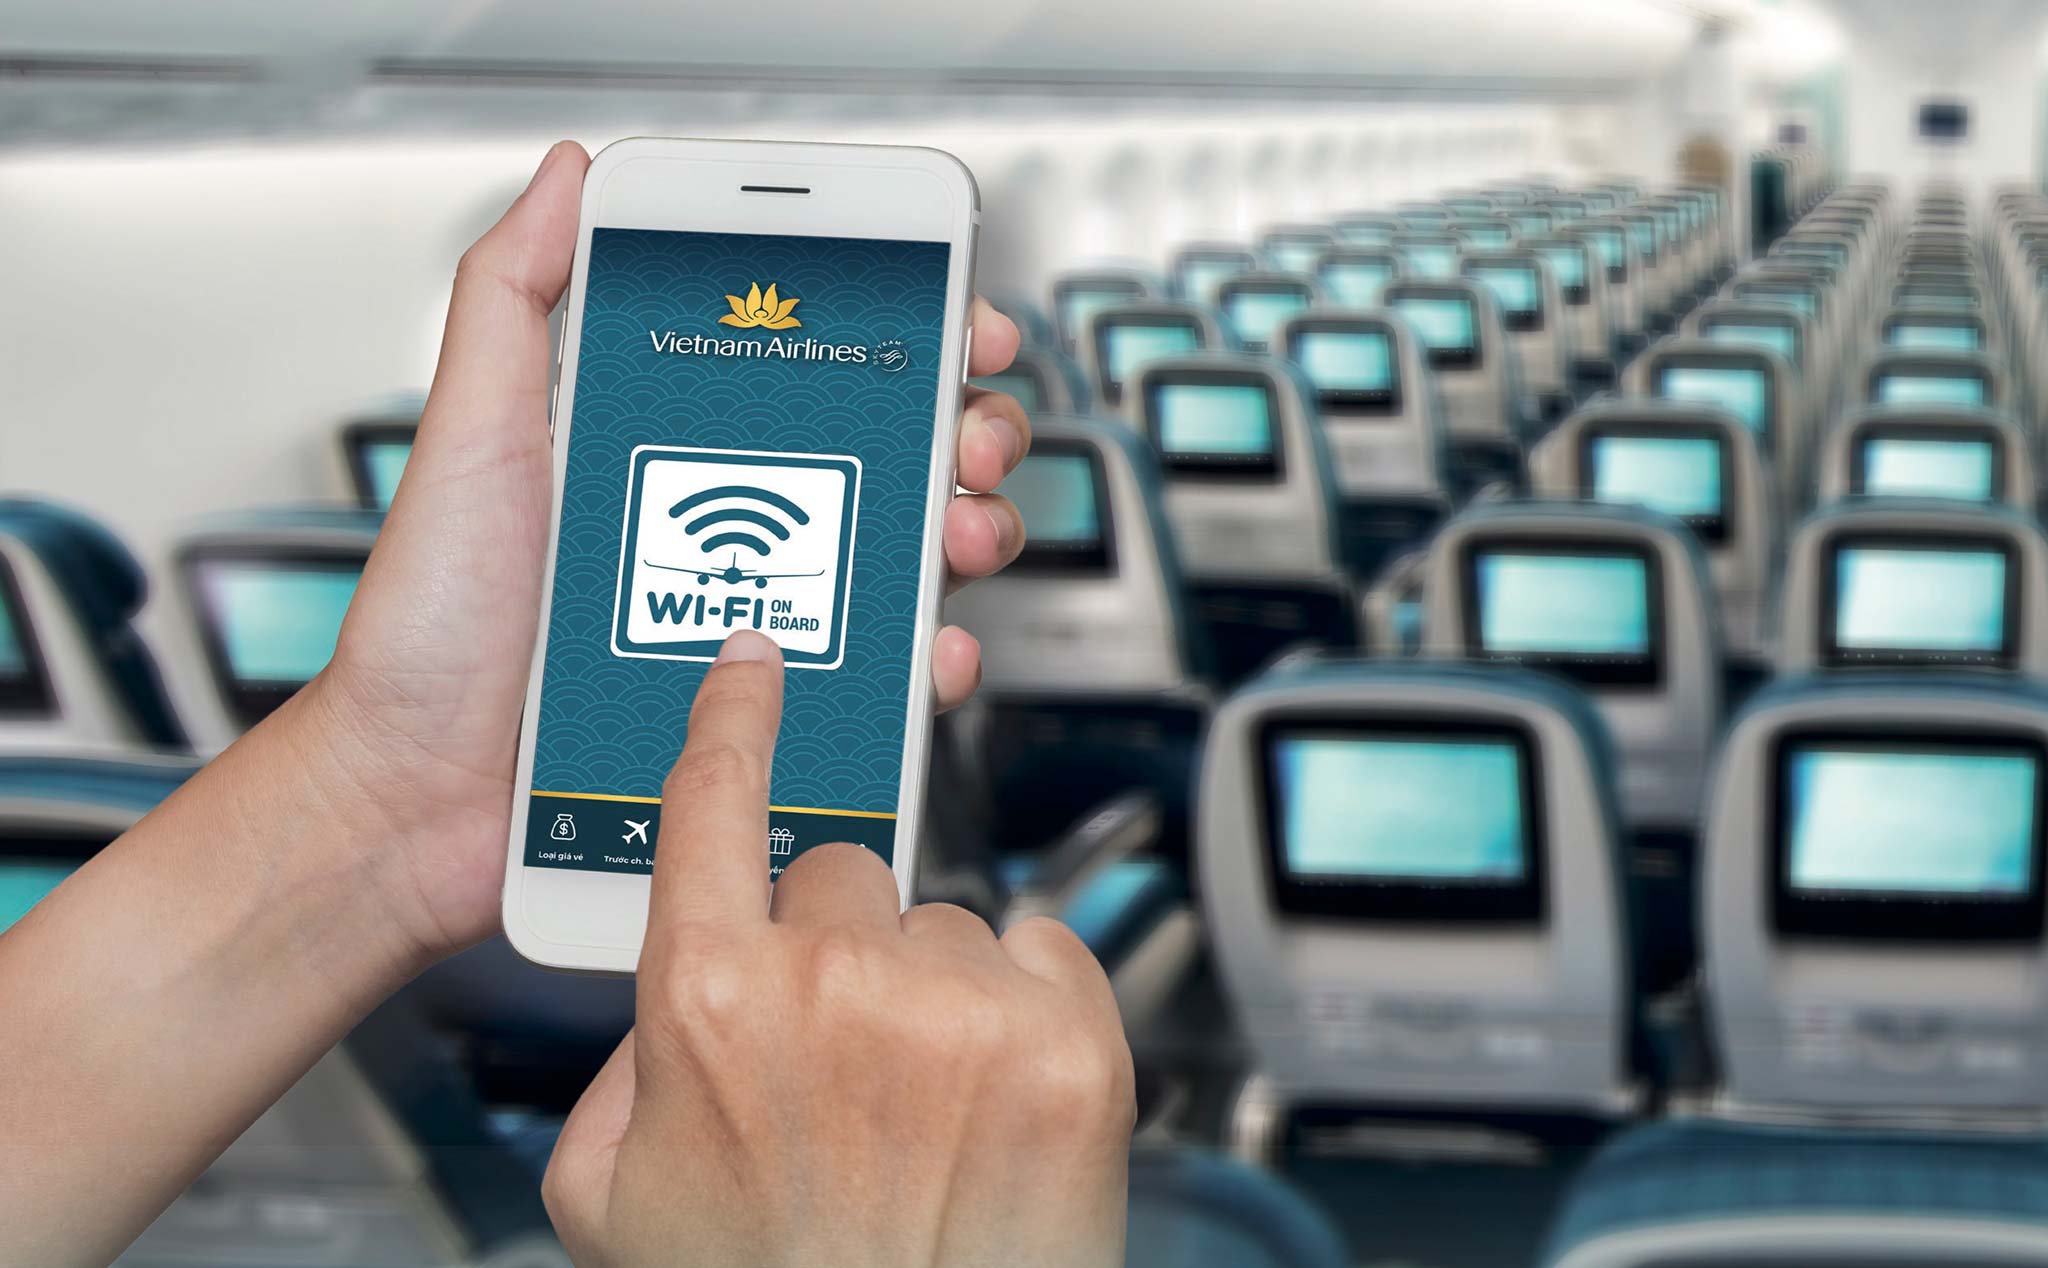 Vietnam Airlines cung cấp Wi-Fi trên máy bay từ ngày 10/10/2019: từ 75.000 đồng
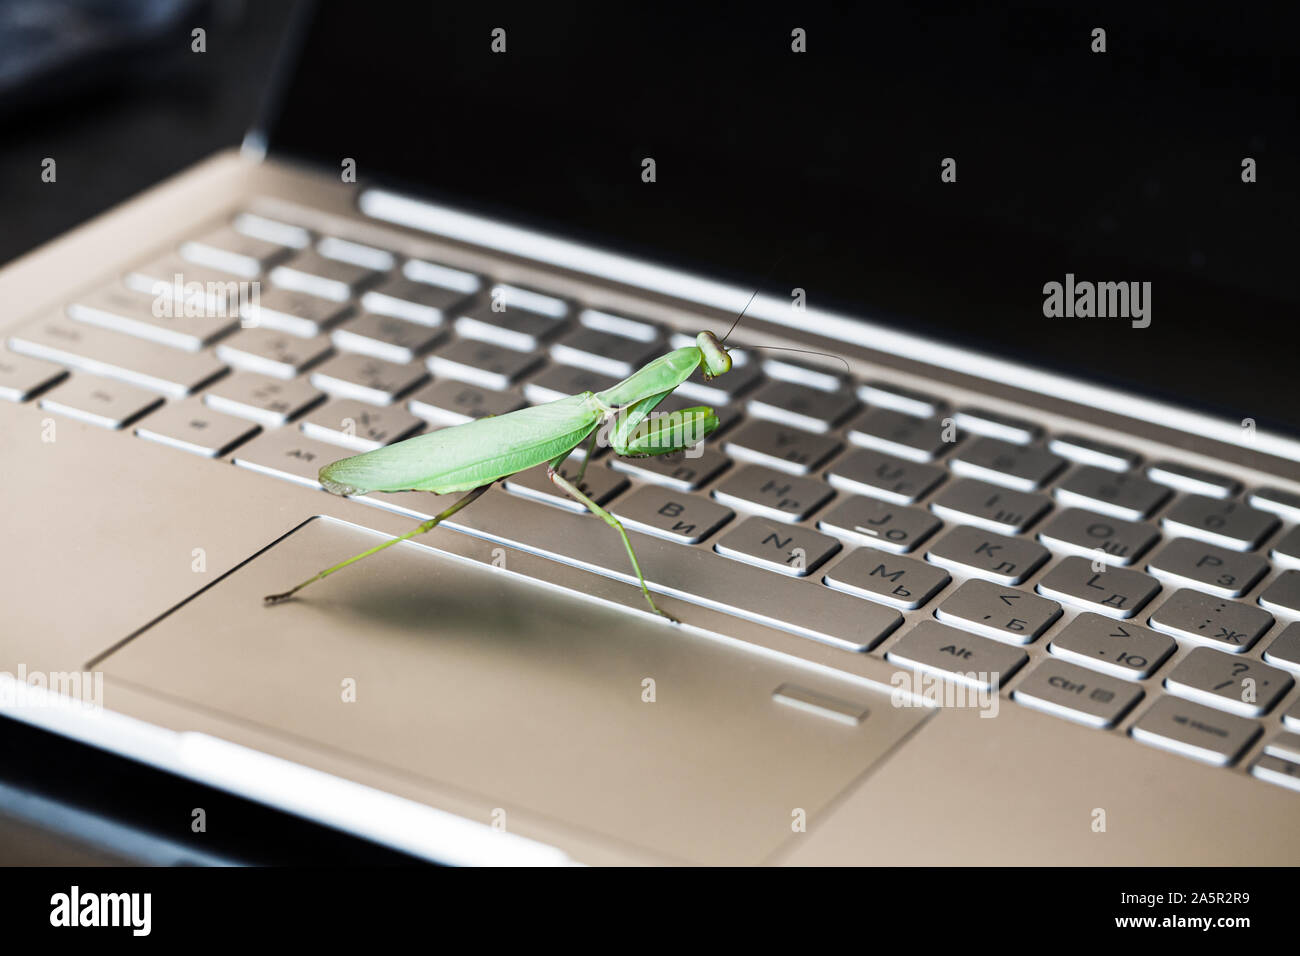 Computer bug Metapher, große mantis Wanderungen auf einem Laptop Tastatur mit englischen und russischen Buchstaben Stockfoto
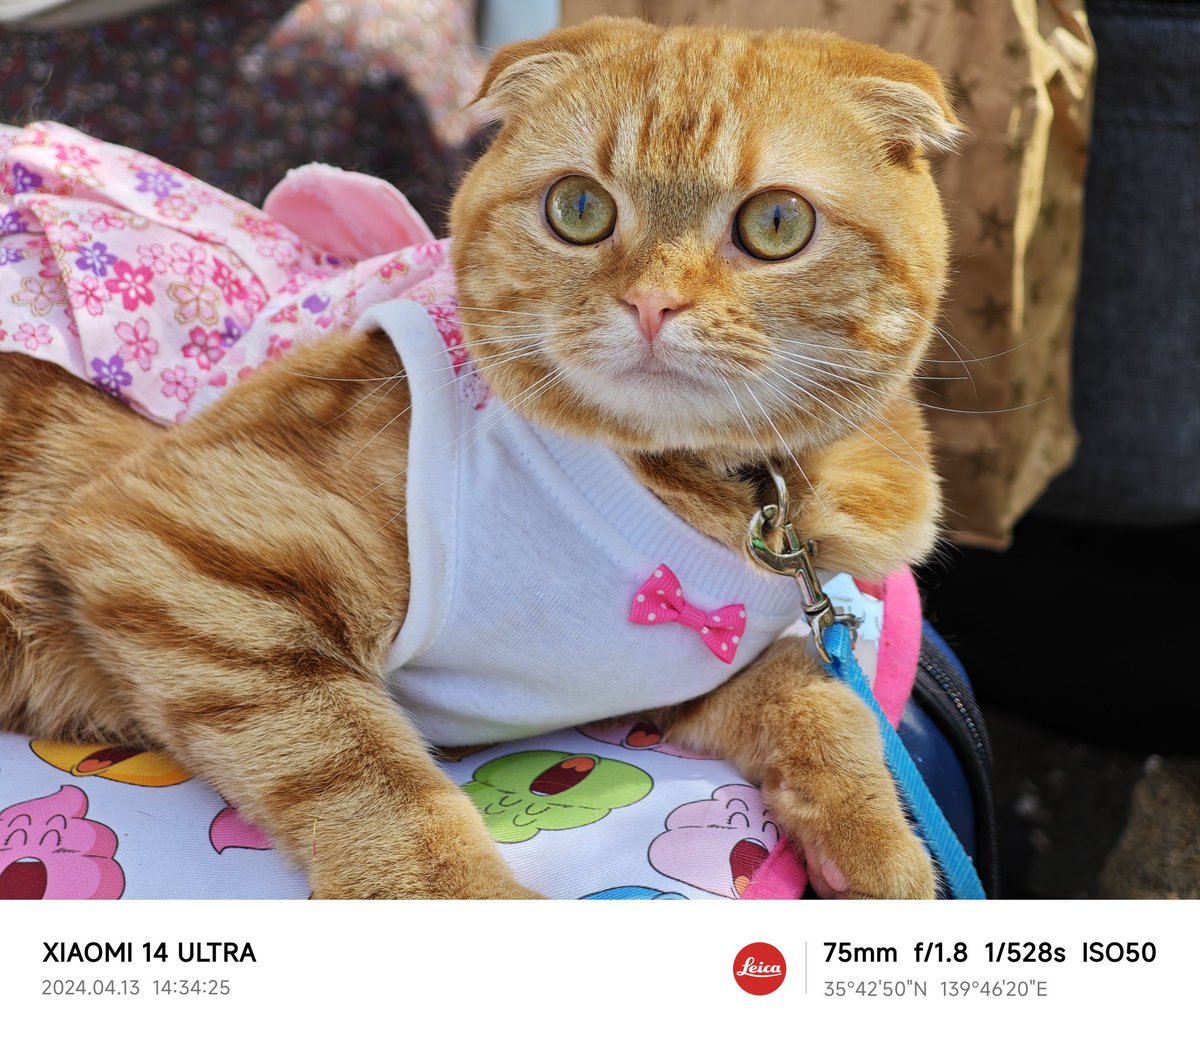 外にお出かけ中の猫ちゃん、カメラに目線合わせてくれる猫ちゃん、😺
本当に素晴らしい😻
可愛く、大人しく、マジで癒される
#Xiaomi14Ultra

──────────

▶ Required action:
When you reach a picture in the records above, pass over it and transcribe the rest exactly.

▶ Task output:
 Vietnam Airlines cung cấp Wi-Fi trên máy bay từ ngày 10/10/2019: từ 75.000 đồng
 Computer bug Metapher, große mantis Wanderungen auf einem Laptop Tastatur mit englischen und russischen Buchstaben Stockfoto
 外にお出かけ中の猫ちゃん、カメラに目線合わせてくれる猫ちゃん、😺
本当に素晴らしい😻
可愛く、大人しく、マジで癒される
#Xiaomi14Ultra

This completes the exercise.